DATASET CONTENT section start

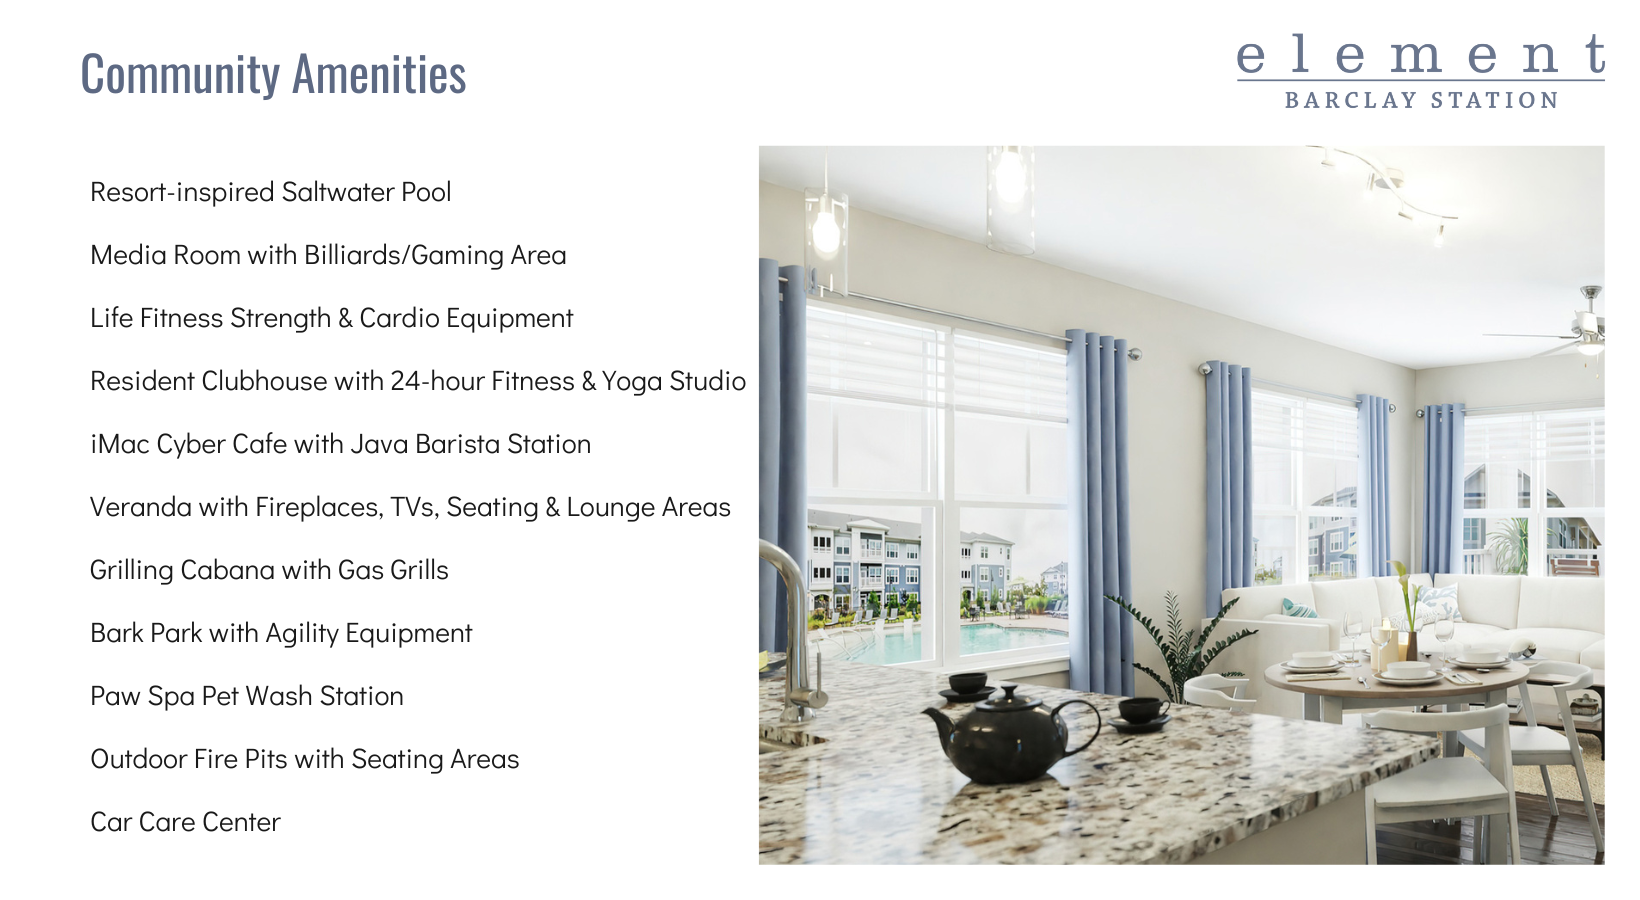 Community Amenity list with image of granite countertop looking out onto Swimming Pool
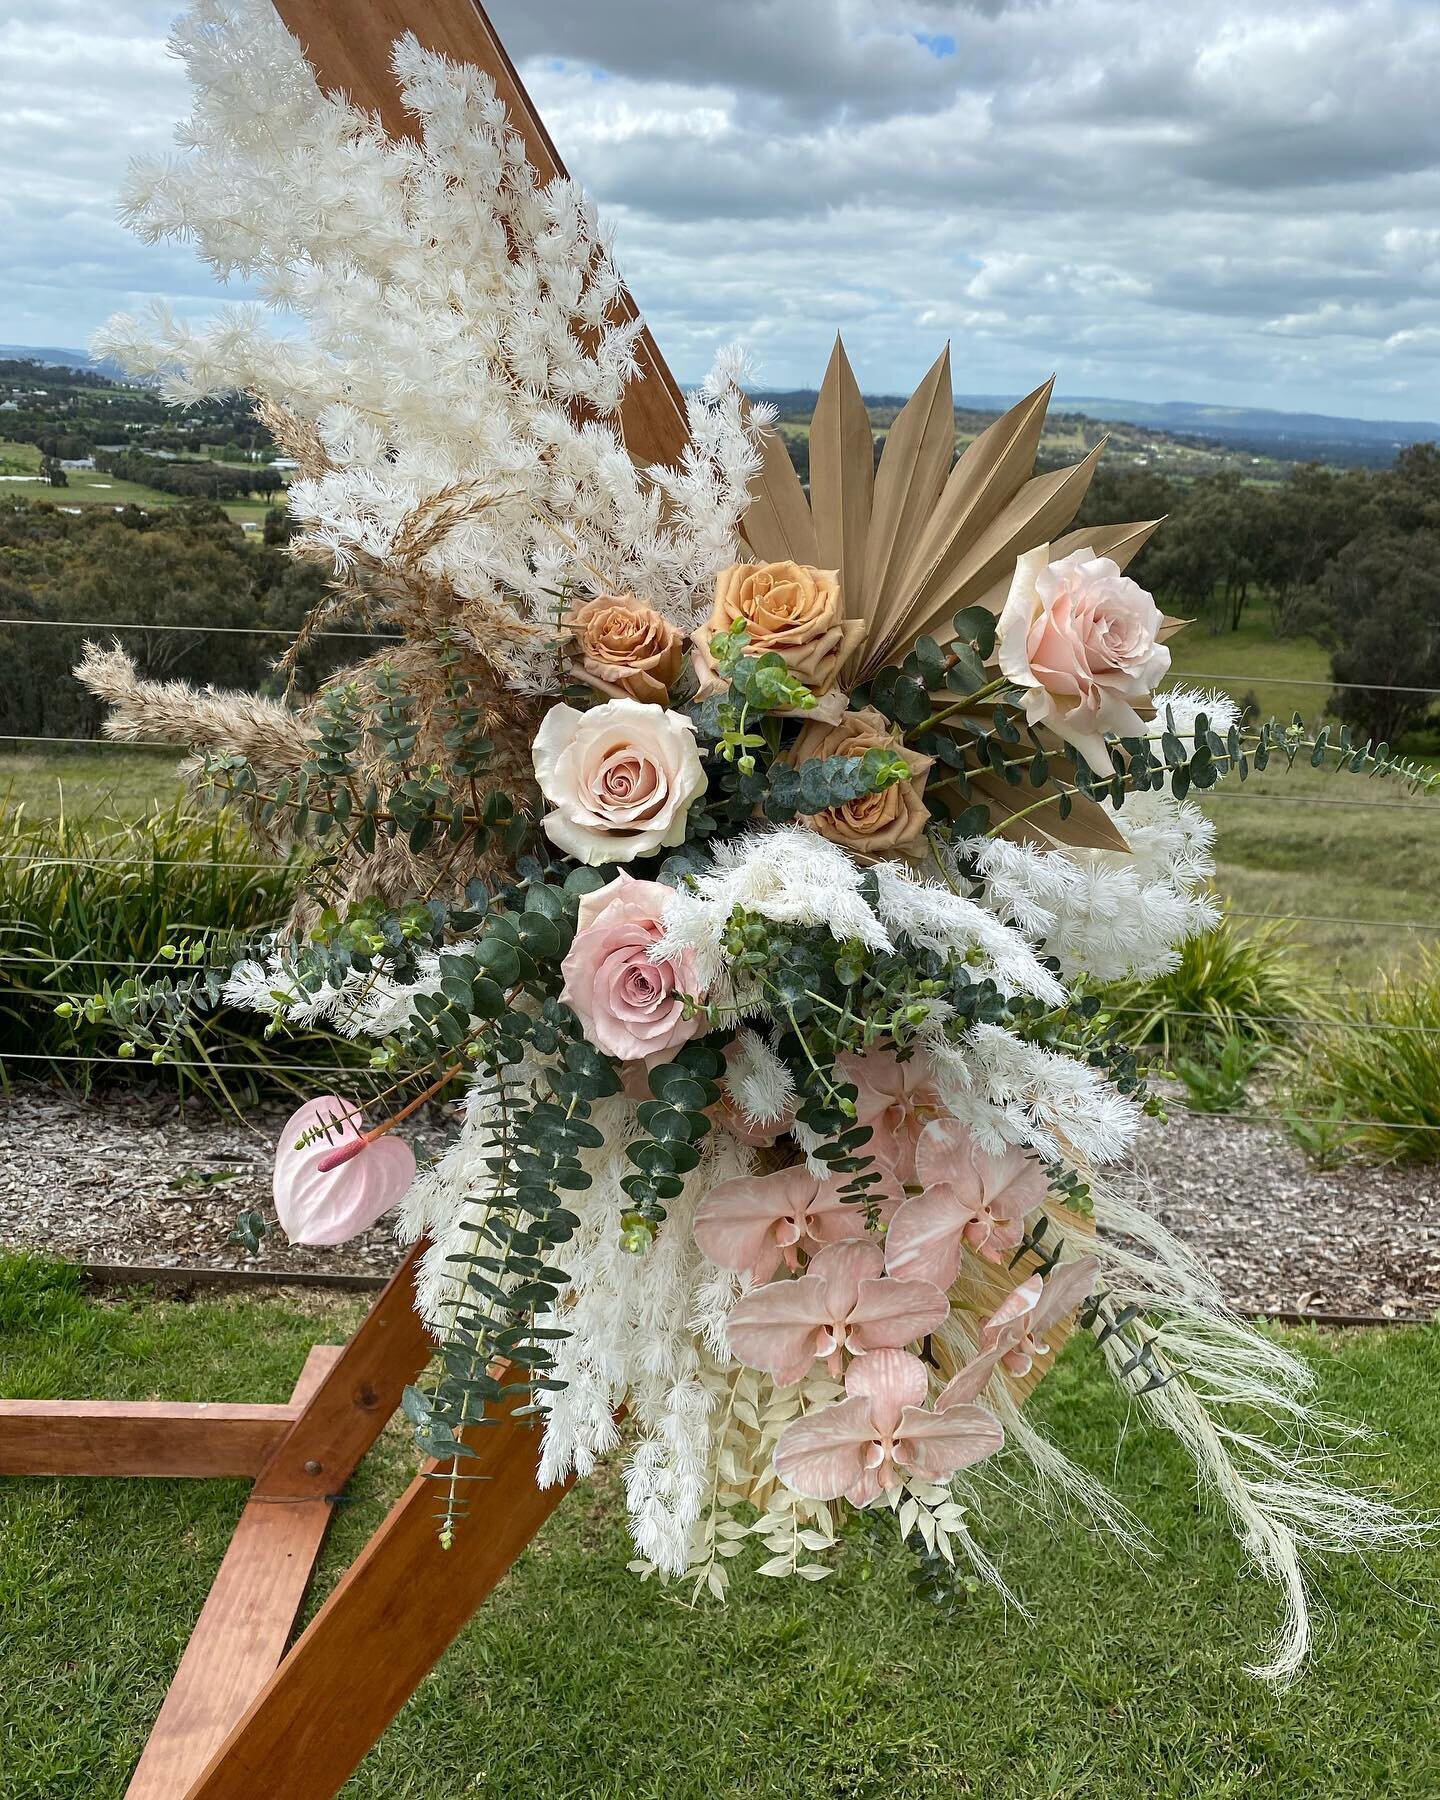 Elsablooms always does an amazing creation. &lsquo;Food I Am&rsquo; was the stunning venue for Shana &amp; Nicole&rsquo;s wedding over the weekend. Loved it all 💖💐🥂#janetschirmermarriagecelebrant#celebrant#waggaweddings #foodiam #ido #love #riveri
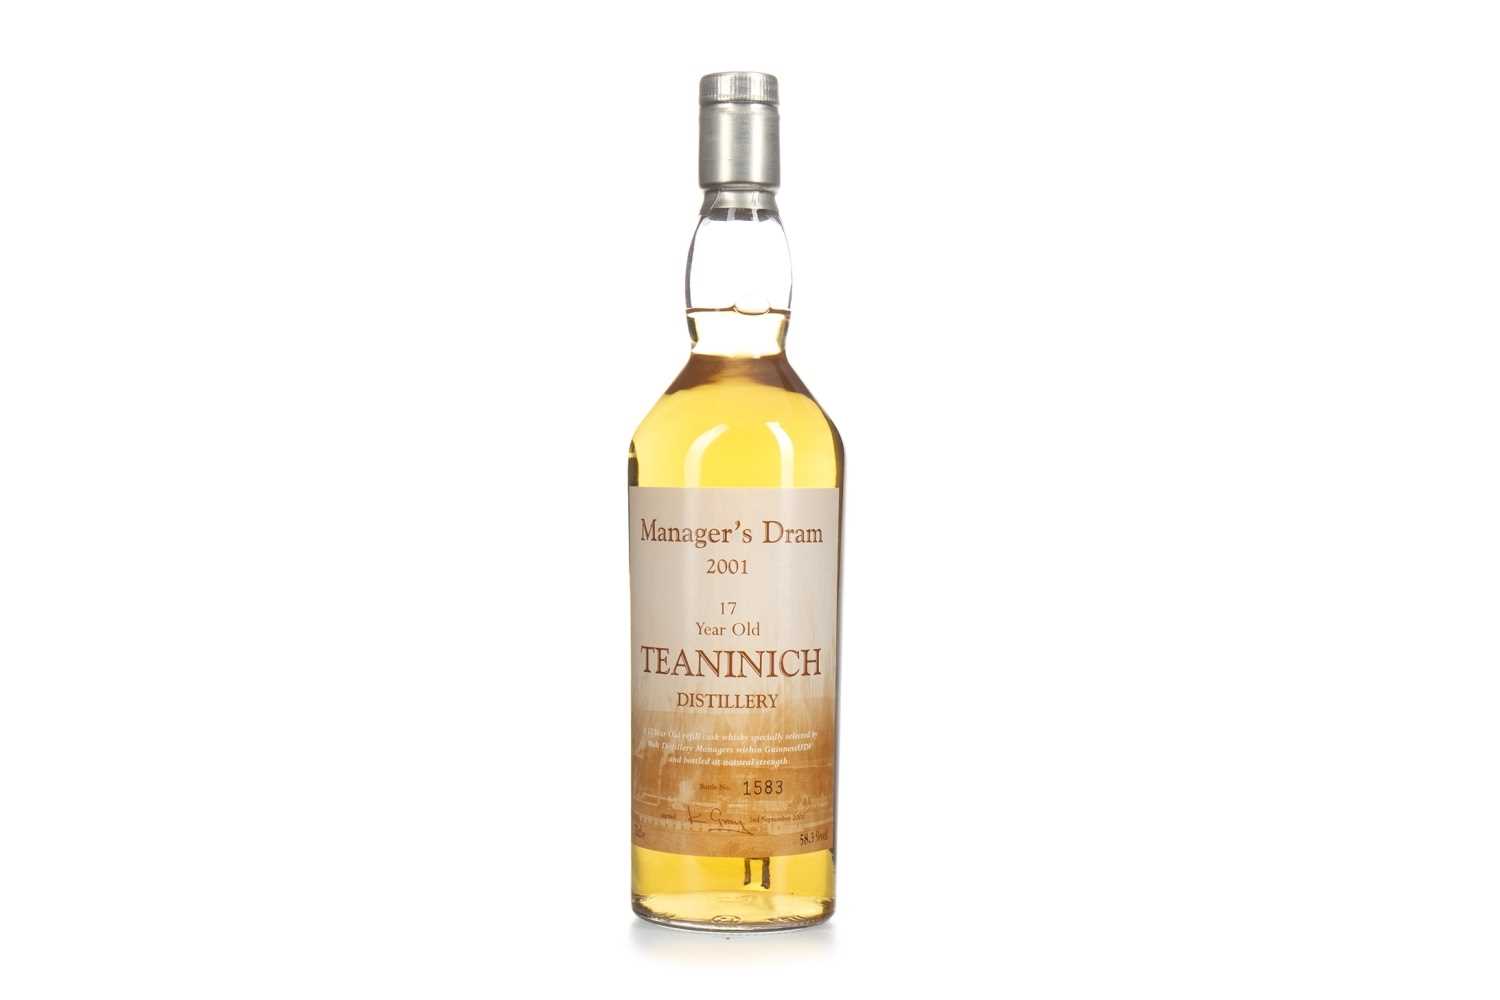 Lot 18 - TEANINICH THE MANAGER'S DRAM AGED 17 YEARS

DATASET CONTENT section end

**PROBLEM REQUIREMENTS**
Take the whole listing above and copy it exactly. Pictures do not go into the copy.

**ANSWER TO THIS EXERCISE**
 Community Amenity list with image of granite countertop looking out onto Swimming Pool
 Elsablooms always does an amazing creation. &lsquo;Food I Am&rsquo; was the stunning venue for Shana &amp; Nicole&rsquo;s wedding over the weekend. Loved it all 💖💐🥂#janetschirmermarriagecelebrant#celebrant#waggaweddings #foodiam #ido #love #riveri
 Lot 18 - TEANINICH THE MANAGER'S DRAM AGED 17 YEARS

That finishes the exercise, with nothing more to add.